In 1957, while an undergraduate at Oxford, she met and married J. Anthony Deutsch, a lecturer there, and they moved to the U.S. in 1959. Together they wrote the textbook Physiological Psychology (1st edition 1966; 2nd edition 1973), edited the book Short Term Memory (1975) and wrote several articles, including Attention: Some Theoretical Considerations (1963), which was cited as a Current Contents Citation Classic in 1981. Deutsch received her Ph.D. in Psychology in 1970 from the University of California, San Diego, was appointed Research Scientist in 1971, and Professor of Psychology in 1989, both at the University of California, San Diego.

Research and theory

Illusions of music and speech
Deutsch has discovered a number of illusions of music and speech related to sound perception and memory. They show that there are remarkable variations in how people perceive music. Some of these variations relate to differences in brain organization, and others relate to the listeners' languages and dialects. The illusions also demonstrate the importance of memory, knowledge and expectations to how we perceive music and speech, and point to strong connections between the brain systems responsible for these two forms of communication.

One set of illusions occur when two sequences of tones are presented over stereo headphones, such that when the right ear receives one sequence the left ear receives a different sequence. Using this procedure, Deutsch discovered striking illusions, as well as the octave illusion, the scale illusion, the chromatic illusion, the glissando illusion, and the cambiata illusion.  She discovered that there are strong disagreements between listeners and how these illusions were perceived. These disagreements tend to occur between righthanders and lefthanders indicating that they reflect differences in brain organization. These illusions have implications for musical practice. For example, listening to music in concert halls may allow the audience to experience the same musical patterns in different ways. The illusions also demonstrate the existence of illusory conjunctions in hearing.

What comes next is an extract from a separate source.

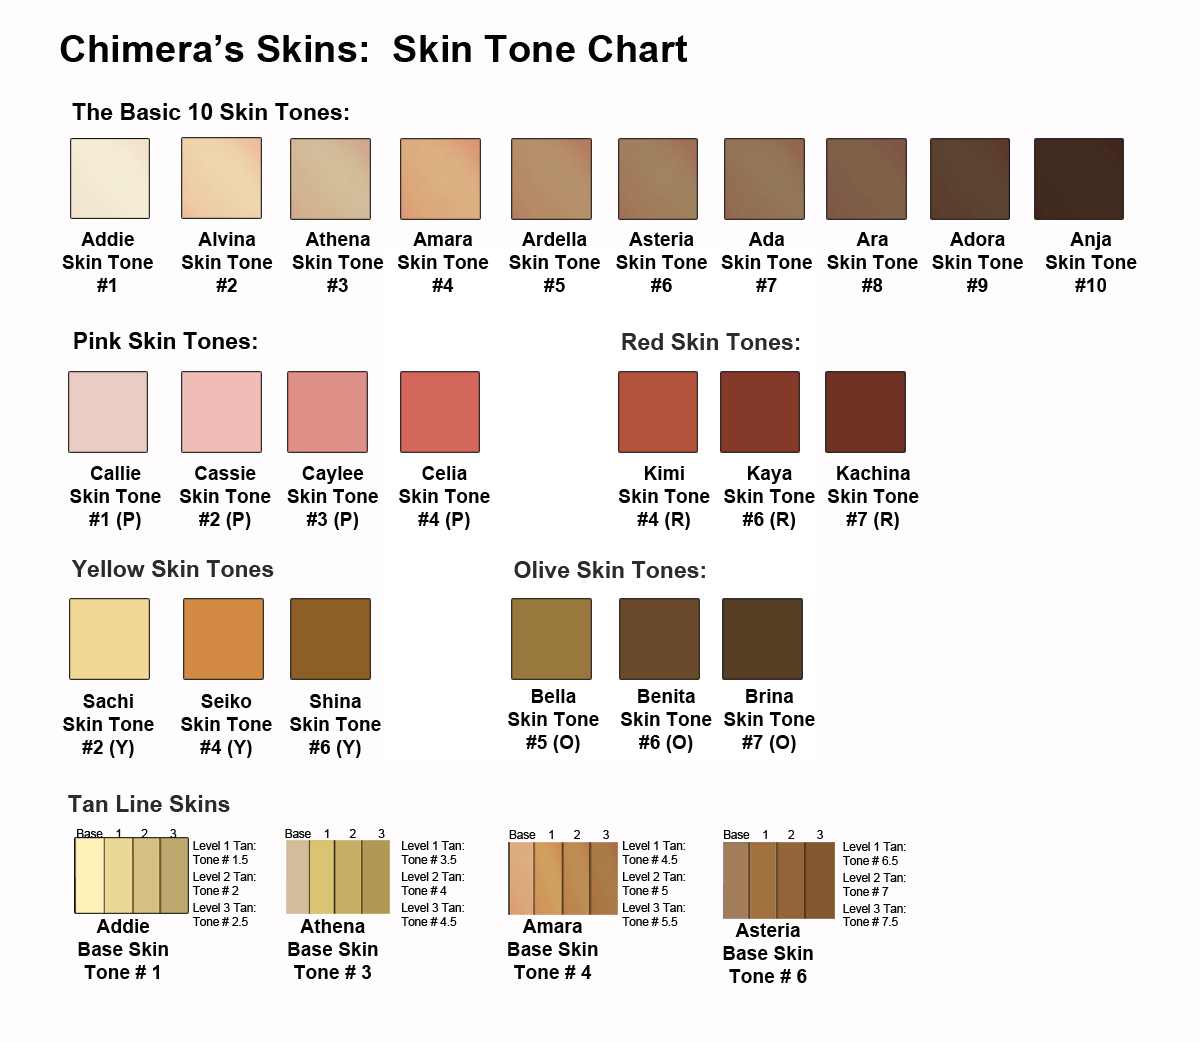 Skin Tone Color Chart

Deutsch also produced illusions using sequences of tones that were defined in terms of pitch class (note name), but ambiguous in terms of which octave they are in (known as Shepard tones). In particular, she discovered the tritone paradox. Once again, this illusion gave the perception that differs substantially from one listener to another, but in this case, perceptual variations relate to the language or dialect spoken by the listener, indicating a relationship between music and speech.

In addition, Deutsch discovered the Speech-to-Song Illusion. In this illusion, speech is made to be heard as a song, and this occurs without transforming the sounds in any way.  Through simply repeating a phrase several times over, this illusion also points to a strong relationship between speech and music.

Two further illusions discovered by Deutsch also show the importance of unconscious inference – our use of memory, beliefs and expectations – in perception of music and speech.  One is called the mysterious melody illusion. Listeners are unable to identify a well-known melody when all its note names are correct, but the tones are placed randomly in different octaves. However, when listeners are told the identity of the melody, they are able to recognize it through stored knowledge. Another is the phantom words illusion. Using stereo loudspeakers, Deutsch presented repeating words and phrases that were composed of two syllables. The syllables alternated between the speakers in which one syllable came from the speaker on the right while the other syllable came from the speaker on the left. When listening to such sequences, listeners 'heard' words and phrases that had not been presented; often these 'phantom words' were related to their memories and expectations.

Absolute pitch
Deutsch's research also focuses on absolute pitch (or perfect pitch), which is the ability to name or produce a musical note without the aid of a reference note. This ability is very rare in the United States, but Deutsch discovered that it is far more prevalent among speakers of tone language, such as Mandarin or Vietnamese.  Deutsch proposed that, if given the opportunity, infants can acquire absolute pitch as a feature of their language, and this ability carries over into music. This proposal has inspired a substantial body of work on absolute pitch, and on pitch perception in relation to language. Deutsch and Dooley also found that speakers of English with absolute pitch had unusually large digit spans for spoken words. They proposed that this strong verbal memory makes it easier to develop an association between musical notes and their names in early childhood, furthermore to acquire absolute pitch.  This proposal also links absolute pitch (and therefore music) to language.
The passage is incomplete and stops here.